Two network postures were considered for how these components communicate:
**Option A — Connectivity-first:** Components are connected by default via
controlled, observable access paths (reverse SSH tunnels managed by ops-bridge).
Isolation is added selectively where there is a specific threat model or
compliance reason to do so.
**Option B — Isolation-first (zero-trust):** No component trusts any other by
default. Every connection requires mutual authentication, short-lived
credentials, and explicit authorisation at the point of use. Connectivity is
earned, not assumed.
This decision is architectural policy — it governs how ops-bridge tunnels are
designed, how agent-to-hub communication works, and how new infrastructure
components are onboarded.
## Decision
**Connectivity-first, with isolation as a deliberate option.**
The default posture for Custodian infrastructure is: components that need to
work together are connected. Access paths are explicit, observable, and managed
(via ops-bridge), but they are persistent by default rather than ephemeral.
Isolation is introduced where there is a specific, articulated reason — not as
a blanket policy applied uniformly.
## Rationale
### 1. Scale and team size
The infrastructure is operated by a single human and a bounded set of
automation agents. The overhead of zero-trust (credential rotation, SPIFFE/SPIRE
identity, mTLS everywhere, short-lived tokens per request) is disproportionate
for this scale. It would consume significant operational complexity without
a commensurate security return.
### 2. Observability over perimeter hardening
The primary security control at this scale is **observability**: knowing what
connected, when, from where, and what it did. ops-bridge provides this — every
tunnel is named, actor-attributed, health-checked, and audited. A perimeter of
invisible short-lived connections would actually reduce observability.

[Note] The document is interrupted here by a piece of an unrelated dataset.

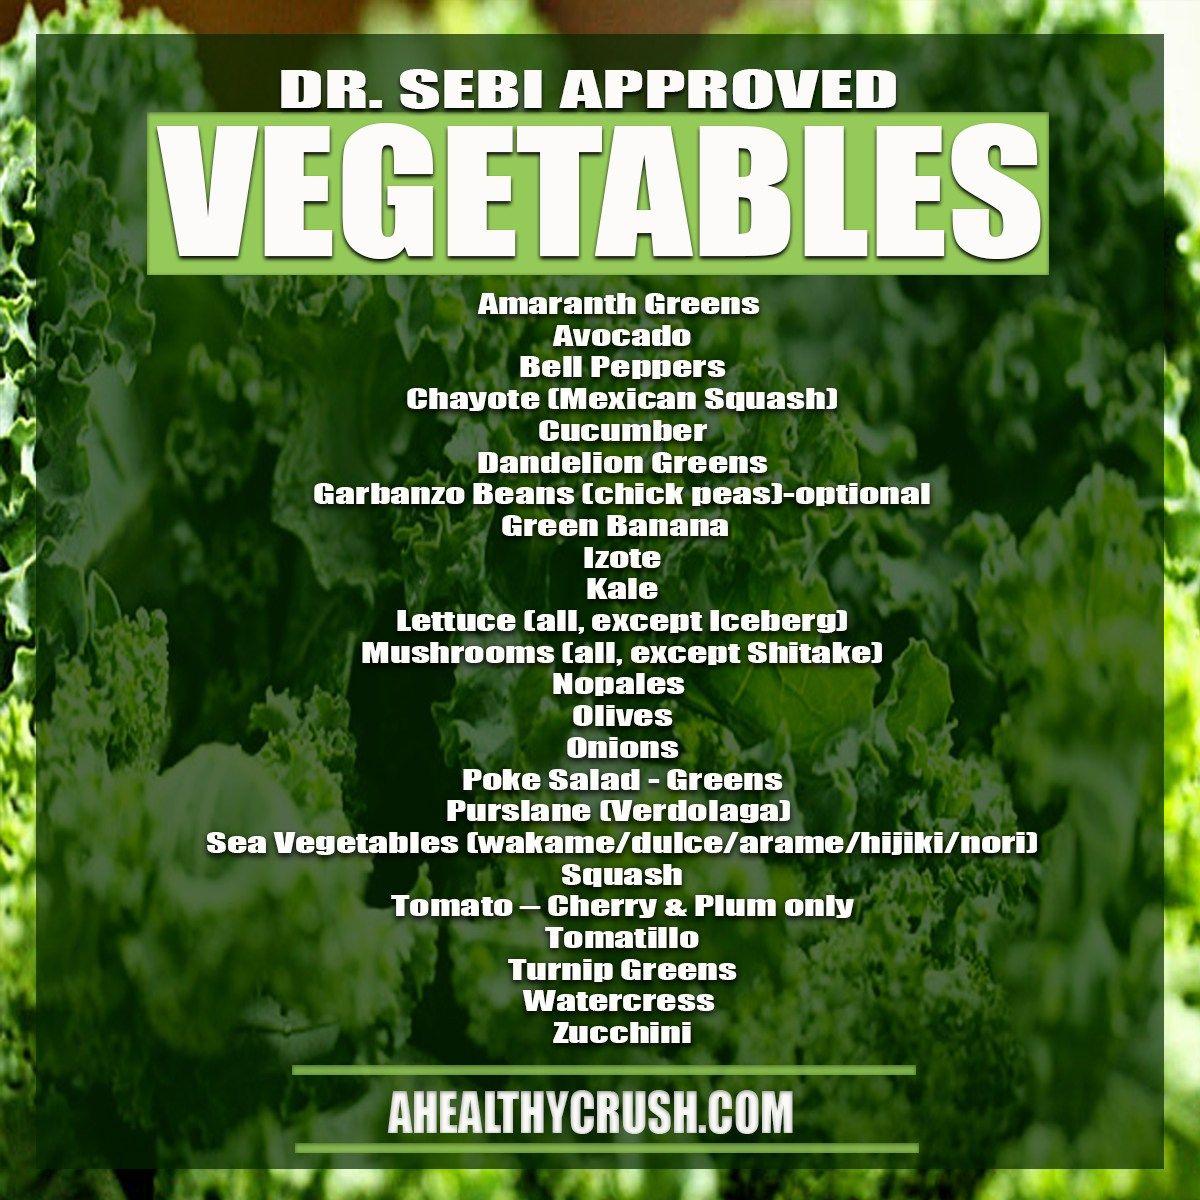 DR. SEBI NUTRITIONAL GUIDE
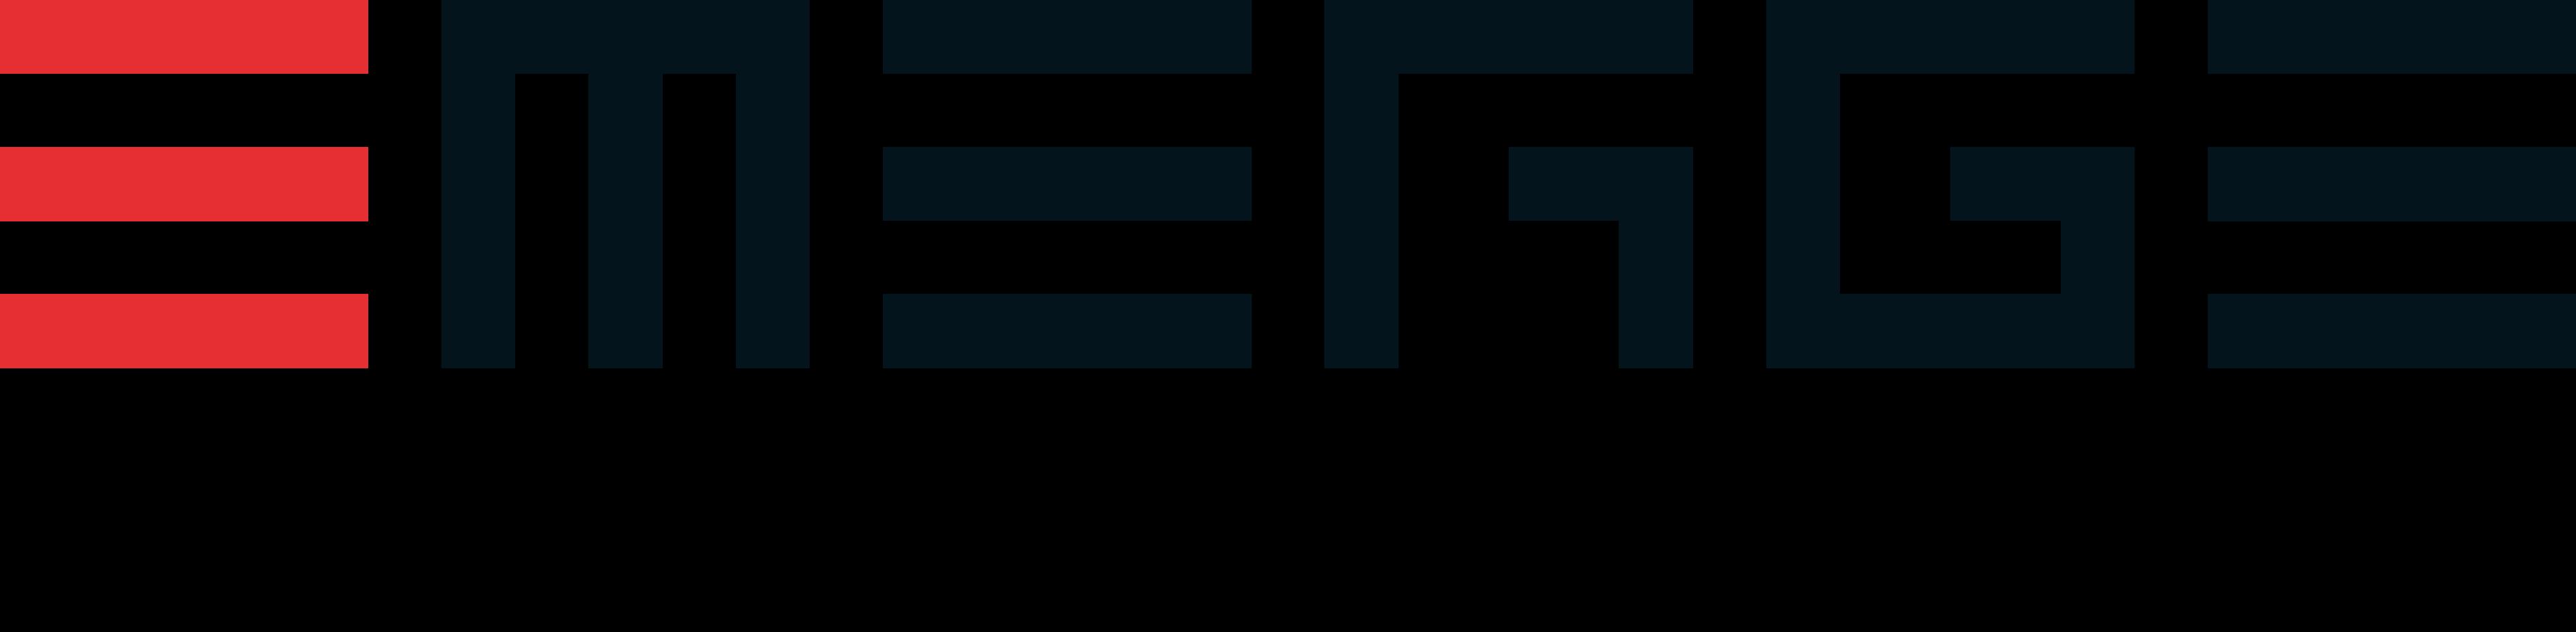 Emerge_Logo_RGB_Standalone

### 3. The threat model does not require zero-trust today
The main threats are:
- A runaway agent consuming resources (mitigated by nproc/memory cgroups)
- A compromised workload reaching state-hub and corrupting state (mitigated by
the read-model design of state-hub — write surface is narrow and sanctioned)
- An external attacker reaching internal services (mitigated by the tunnels
being reverse SSH — no inbound ports exposed)
Zero-trust would address a different threat model: lateral movement between
hostile tenants, or untrusted code running in the same environment as sensitive
data. That is not the current situation.
### 4. Degrade-gracefully requires persistent connectivity
The Custodian's foundational value of **local-first, degrade-gracefully**
requires that agents can orient themselves even when some connections are slow
or partially degraded. Ephemeral connectivity (zero-trust tokens, service mesh
sidecars) introduces additional failure modes that conflict with graceful
degradation. Persistent SSH tunnels with auto-reconnect are more resilient to
intermittent conditions.
### 5. Isolation remains the right choice in specific cases
Connectivity-first does not mean no isolation. The following cases call for
explicit isolation and are handled separately:
- **Tenant separation** (when/if multi-user or multi-org) — each tenant gets
its own network segment
- **Privileged execution** — CI runners and agent actions with write access to
production systems run in ephemeral, isolated environments (per the
Privileged Execution Control standard)
- **Secrets** — credentials are never transmitted over tunnels in plaintext;
age-encrypted at rest, SOPS for config
## Consequences
### Immediate
- ops-bridge tunnels are **persistent** (max_attempts: 0, auto-reconnect) and
are treated as infrastructure, not one-off connections
- Agents on remote machines check tunnel health at session start and restore
dropped tunnels before accessing state-hub (documented in global CLAUDE.md)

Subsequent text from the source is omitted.